I cannot do any upright or out doors workouts without being symptomatic, not even moderate walks.

[Tuesday]

Whether or not I'm able to exercise kind of depends on the day. I'm pretty lucky in that I have more days without symptoms than with. I try to get to the gym daily when I'm feeling up to it, and I skate and run when I can, too. I have noticed that over the years, working on lower body/leg strength seems to have really helped.

Exercise is a bit of a catch 22 for me. I feel like it really does help, if and when I can do it. However, it is also likely to make me feel worse if I push myself too much.

[Kyler]

Your best bet is to only exercise in a sitting or laying position until you can tolerate standing. My son uses a recumbent bike/ rower combo - it's great. We also saved up some money and bought him a real recumbent trike for use outside in cool weather. The design is suck that he is almost laying on his back when he rides it. He just has to rest and let his heart rate go down BEFORE he stands up and gets off of it.

[jangle]

This might not be true for others but for me I find that doing exercise before a stressful event makes me feel better during that time.
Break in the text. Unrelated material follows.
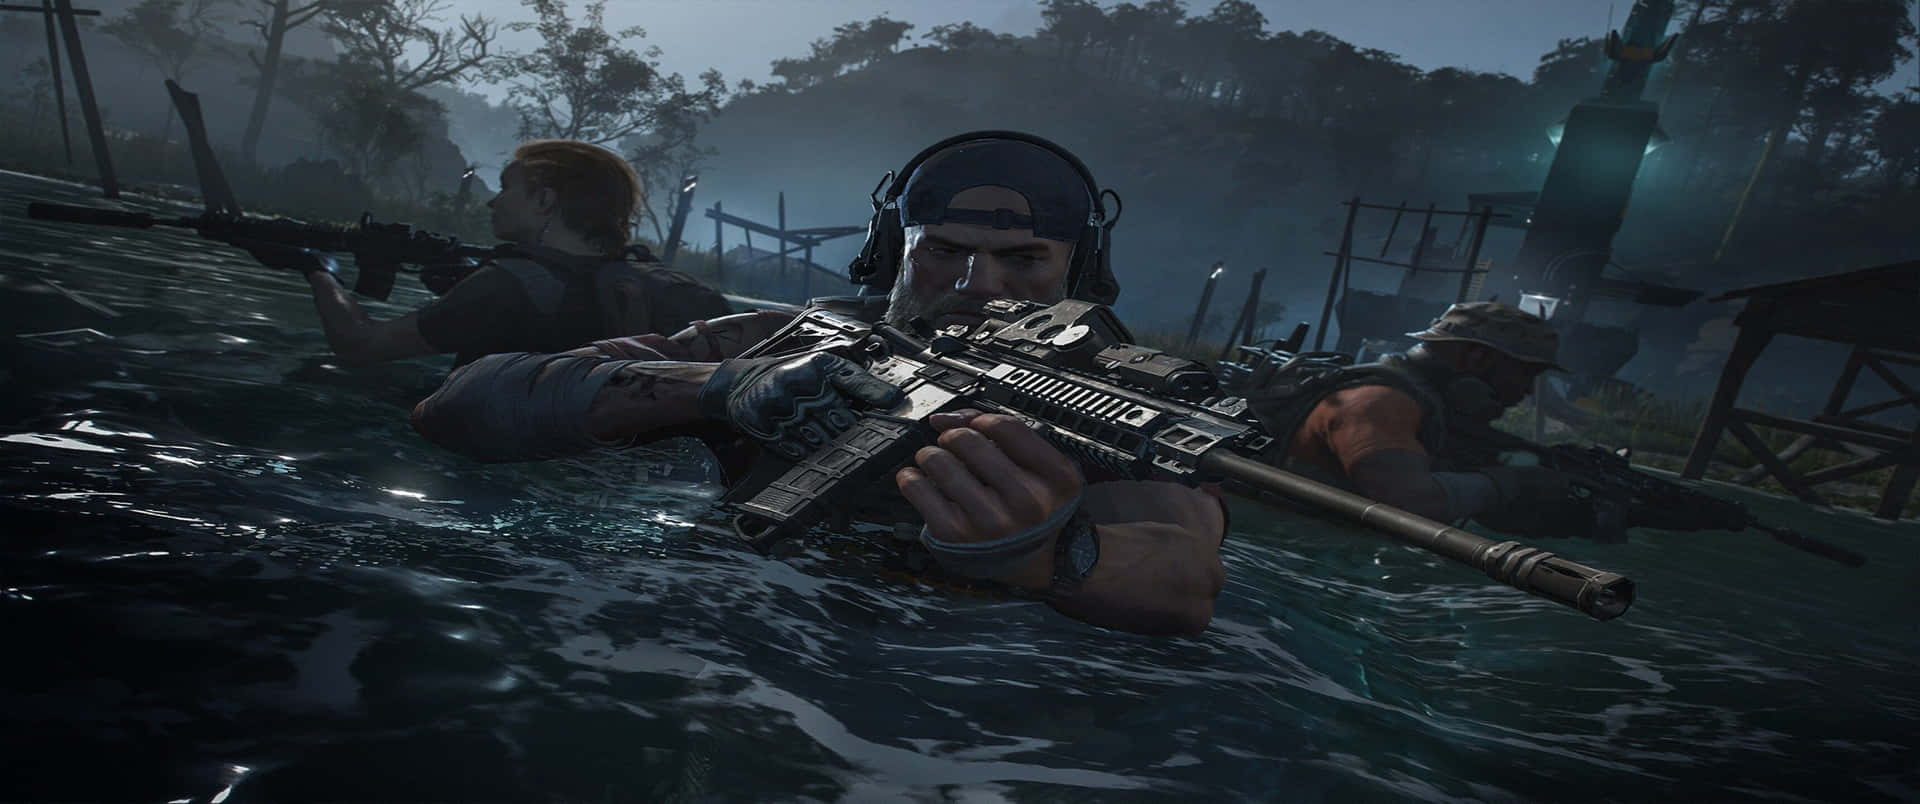 A Group Of Soldiers In The Water With Guns

For instance I might go for a jog before I have a meeting of some sort.

This would most likely work if you don't crash after your exercises.

[Angela]

I am able to exercise. When I was first diagnosed 14 months ago, it was incredibly difficult. I could only go about 10 minutes on the elliptical before fainting. I found a recumbent bike on Craigslist and started training slowly on it. Then I worked walking into my routine. Now I'm able to take long walks and do intense cardio DVDs, although it's not unusual for my HR to sometimes still hit 200. I'm also trying to get out and hike because I really love doing it, even though it's really challenging for me. I put a lot of stock in the idea that exercise might be a key in managing symptoms.

I am still pretty symptomatic after working out, though, and it takes a very long time for my HR to come down. And pretty much without fail, about 4-5 hours after an intense workout I feel like a zombie.
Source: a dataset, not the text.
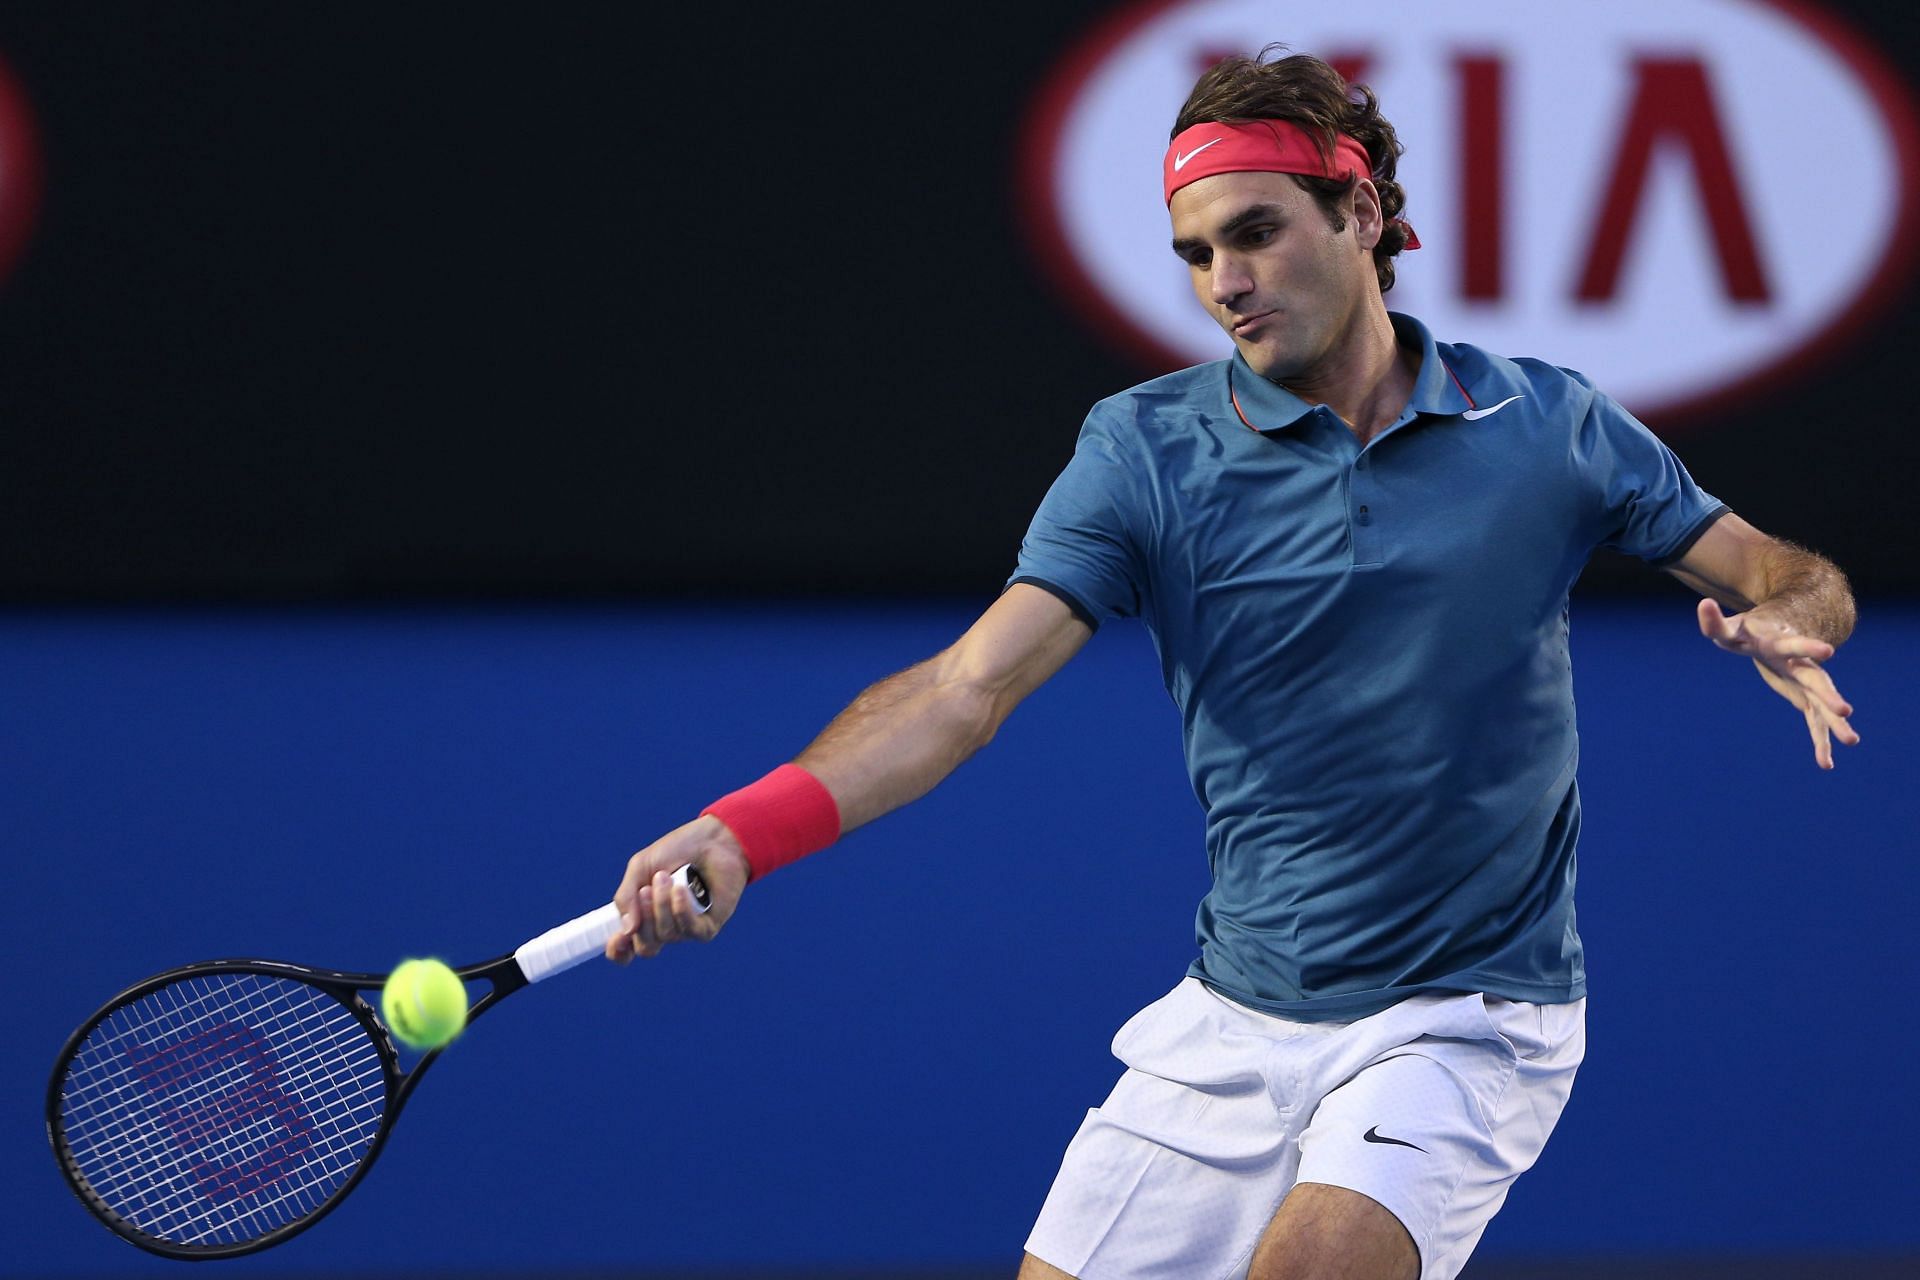 Roger Federer during his match with Rafael Nadal at the 2014 Australian Open

Curiously, I can't do yoga. It makes me feel the worst out of all the types of exercise I've been trying. I used to do it a lot before diagnosis.

that's interesting. I think maybe the ddog and something to do with oxygen and bloodflow to the brain? I actually got better last year when I started yoga again so I am going to start gently again. I got sick again after going on vacation (flying) and buying a house (stress) and stopped yoga so not sure if 1 thing or the combo made it come back. I noticed, and this was before I was dx's that when I started doing ddog I felt like I was going to fall on my head but that passed after I pushed thru a couple weeks of 45 min intermediate yoga. I was also doing it in the a.m. when my son was sleeping and now I know that is when we feel the worst. But afterwords, although I felt less stressed and whatever, I had a hard time in the shower afterwards and had to sit down to get ready for work....so shaky, couldn't hold up my hands to blow dry my hair, tunnel vision driving to work etc.

[jangle]

I don't want to sound like I'm bragging but today I had a pretty good workout that I'm proud of.
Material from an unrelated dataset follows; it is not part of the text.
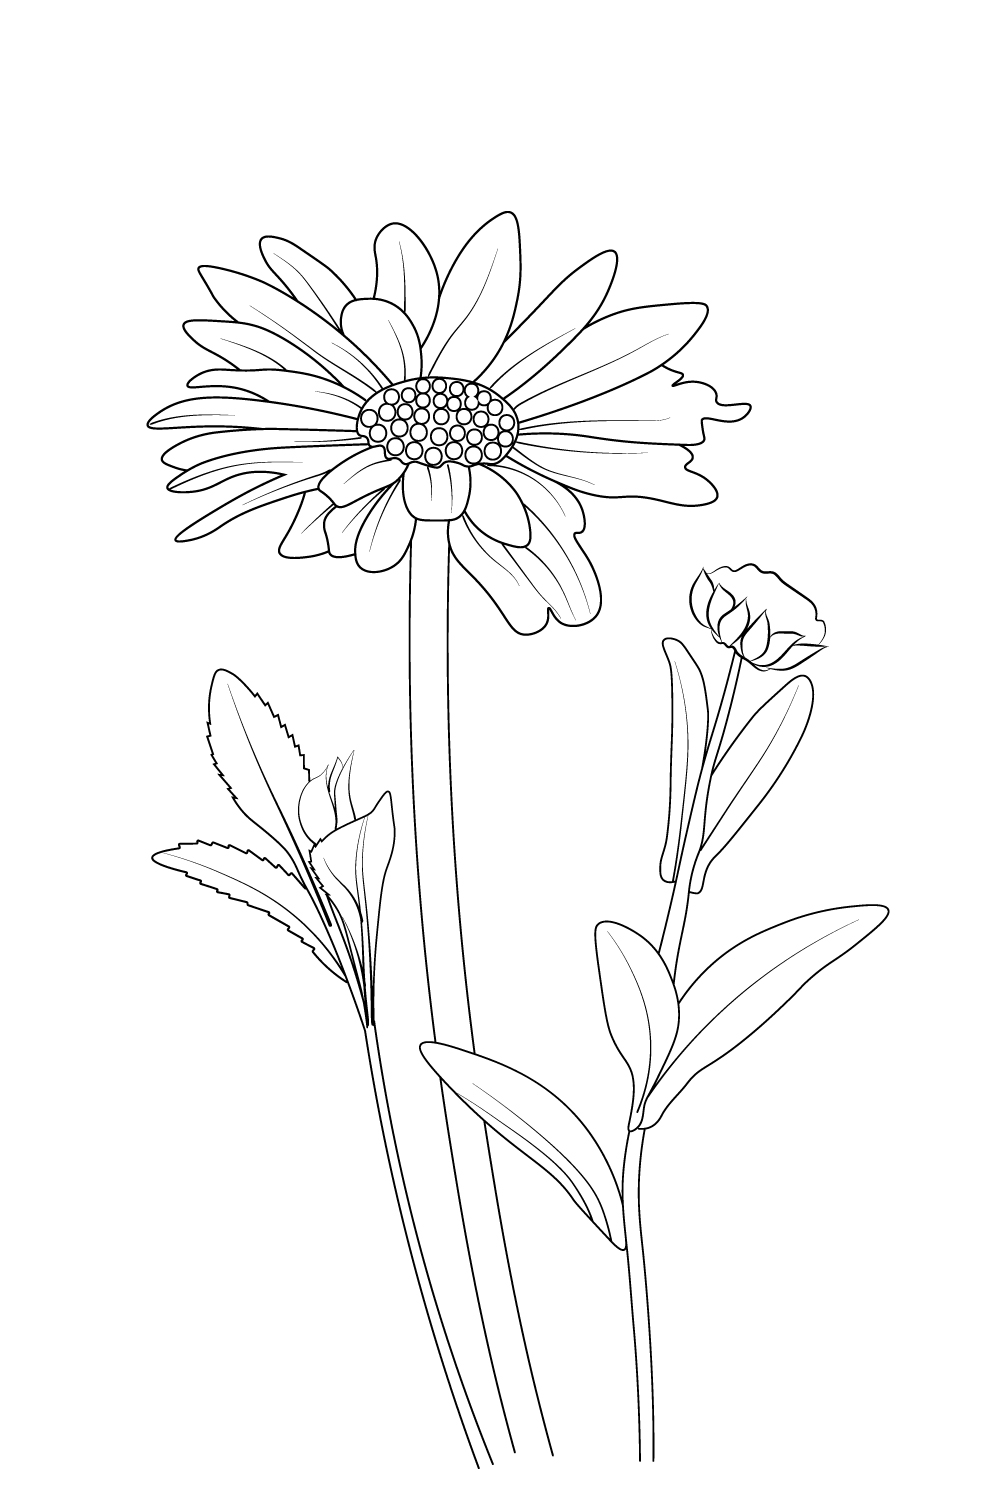 Flower Drawings - Spring 2019 — Katrina Crouch | Blushed Design

I did weight lifting for an entire hour. Intense weightlifting too, where I was lifting to failure most of the time.

I squatted 265 pounds three times which is my new best. My heart was exploding afterwards, but honestly if I can stand with 265 pounds on my back, I figure I'm helping the muscles that will eventually get me better.

[bellgirl]

When I was first diagnosed I was very dizzy, but now after a year, medications and supplements, I am able to do more. I started on a stationary bike, then worked my way up to the elliptical. I do about 2-3 miles twice a week on the elliptical and walk my dog short distances every day. I'm thinking about doing yoga to help with my stiffness, too. The bands sound like a good idea for starters. It has really helped me, even when I don't feel like it, I go and feel so much better afterward. Don't give up!! It really helps to get your blood flowing properly, and I have always been a real advocate of exercising for your health.